Verbinding maken met het SQL Server-exemplaar

U kunt verbinding maken met een toepassing buiten het virtuele Azure-netwerk met behulp van het sa account en het externe IP-adres voor de service. Gebruik het wachtwoord dat u hebt geconfigureerd als het OpenShift-geheim.

U kunt de volgende toepassingen gebruiken om verbinding te maken met het SQL Server-exemplaar.

Verbinding maken met sqlcmd

Voer de volgende opdracht uit om verbinding te maken met sqlcmd.

sqlcmd -S <External IP address> -U sa -P "<password>"

Vervang <External IP address> door het IP-adres voor de mssql-deployment service en <password> door uw complexe wachtwoord.

Waarschuwing

Uw wachtwoord moet voldoen aan het standaard SQL Server-wachtwoordbeleid . Standaard moet het wachtwoord ten minste acht tekens lang zijn en tekens bevatten uit drie van de volgende vier sets: hoofdletters, kleine letters, basis-10 cijfers en symbolen.
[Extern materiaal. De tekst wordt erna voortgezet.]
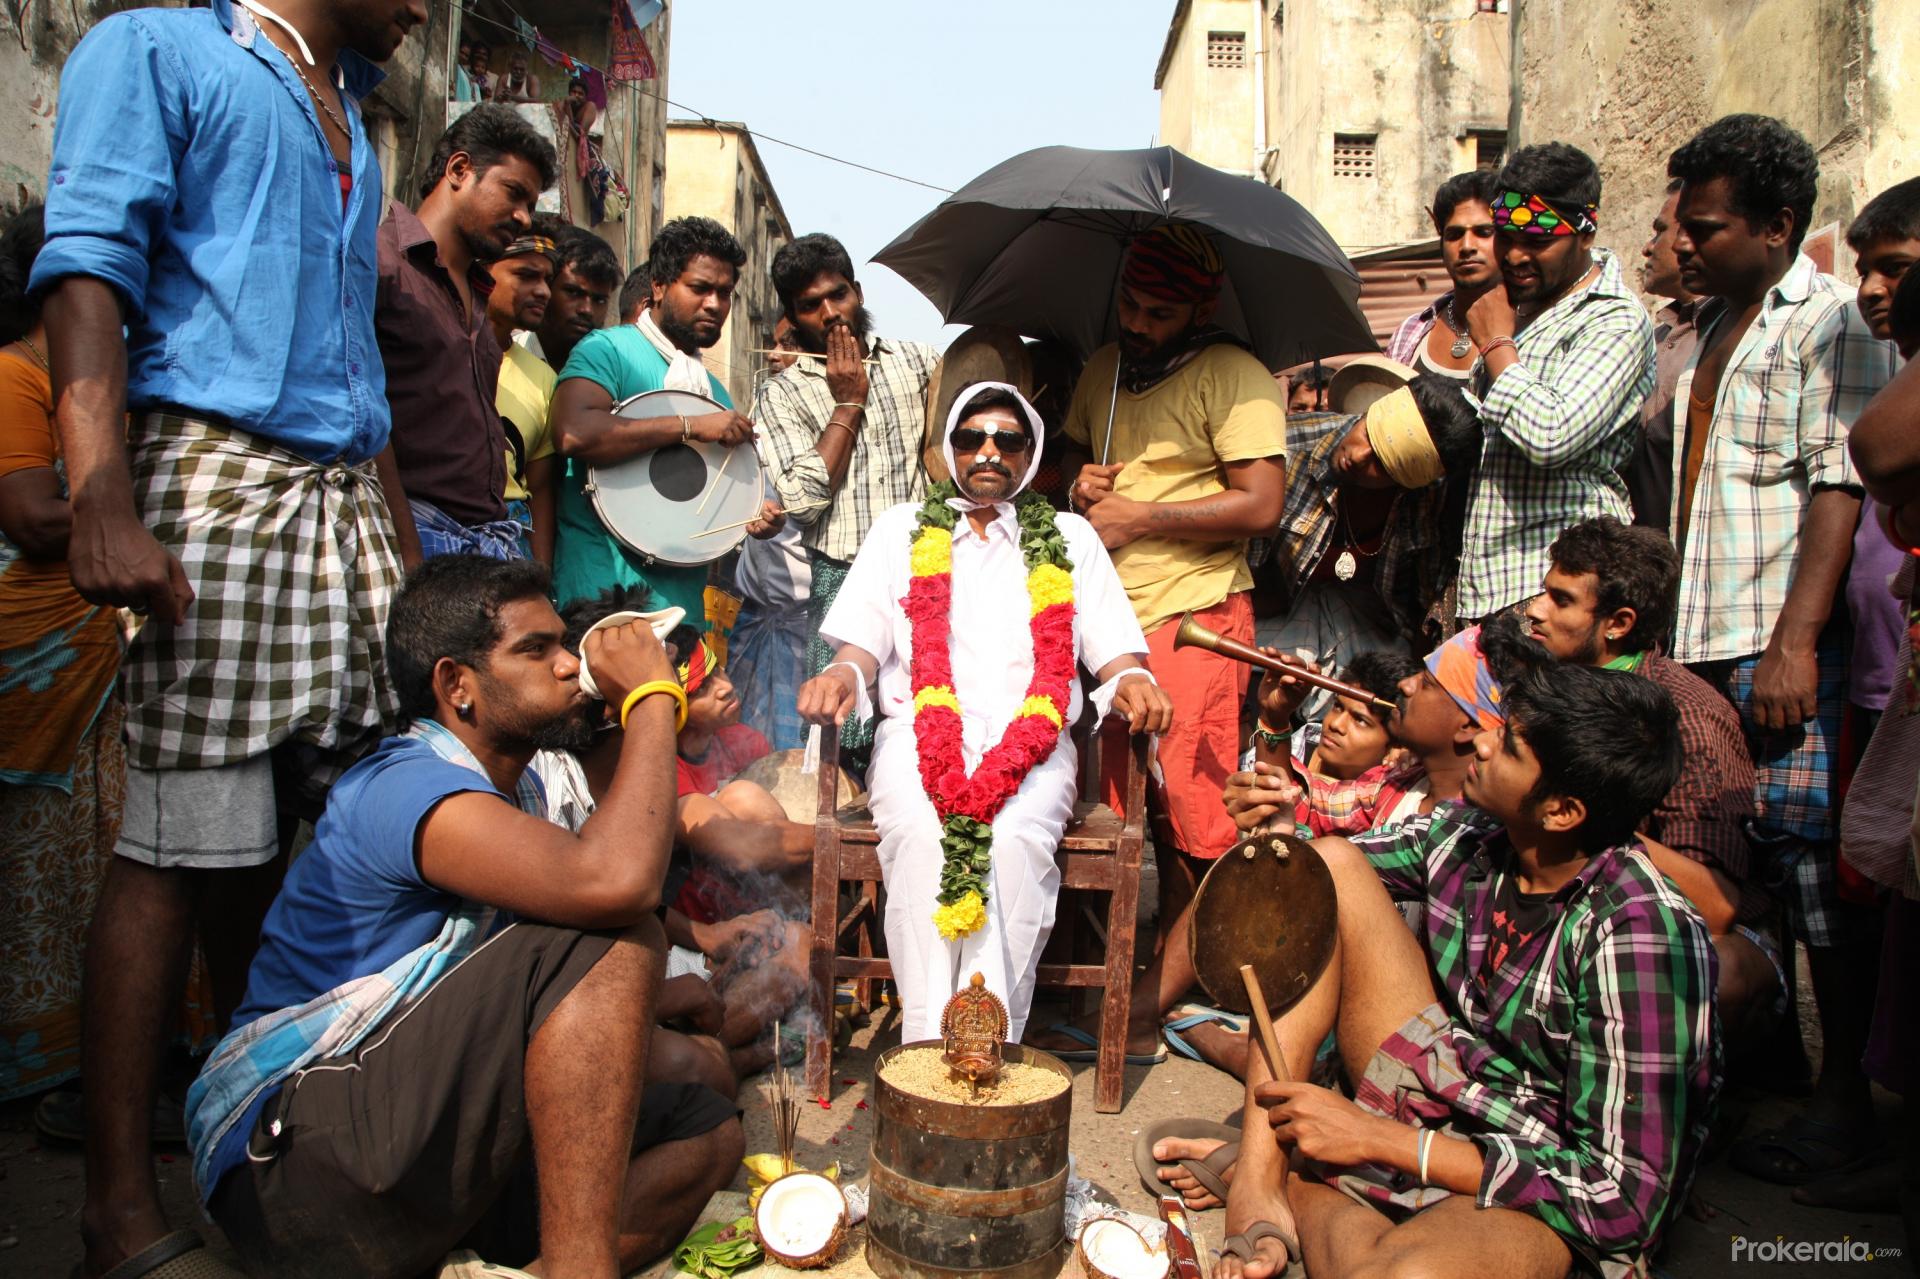 Mgr sivaji rajini kamal movie video song / Om shanti om film

Wachtwoorden mogen maximaal 128 tekens lang zijn. Gebruik wachtwoorden die zo lang en complex mogelijk zijn.

Fout en herstel verifiëren

Als u fouten en herstel wilt controleren, kunt u de pod verwijderen met de volgende stappen:

  1. Vermeld de pod waarop SQL Server wordt uitgevoerd.

    kubectl get pods
    

    Noteer de naam van de pod waarop SQL Server wordt uitgevoerd.

  2. Verwijder de pod.

    kubectl delete pod mssql-deployment-0
    

    mssql-deployment-0 is de waarde die in de vorige stap is geretourneerd voor de naam van de pod.

Kubernetes maakt de pod automatisch opnieuw om een SQL Server-exemplaar te herstellen en maakt verbinding met de permanente opslag. Gebruik kubectl get pods om te controleren of een nieuwe pod is geïmplementeerd. Gebruik kubectl get services om te controleren of het IP-adres voor de nieuwe container hetzelfde is.

Hulpmiddelen opruimen

Als u niet van plan bent om door de zelfstudies te gaan die volgen, schoont u uw onnodige resources op. Gebruik de az group delete opdracht om de resourcegroep, containerservice en alle gerelateerde resources te verwijderen. Vervang <MyResourceGroup> door de naam van de resourcegroep die uw cluster bevat.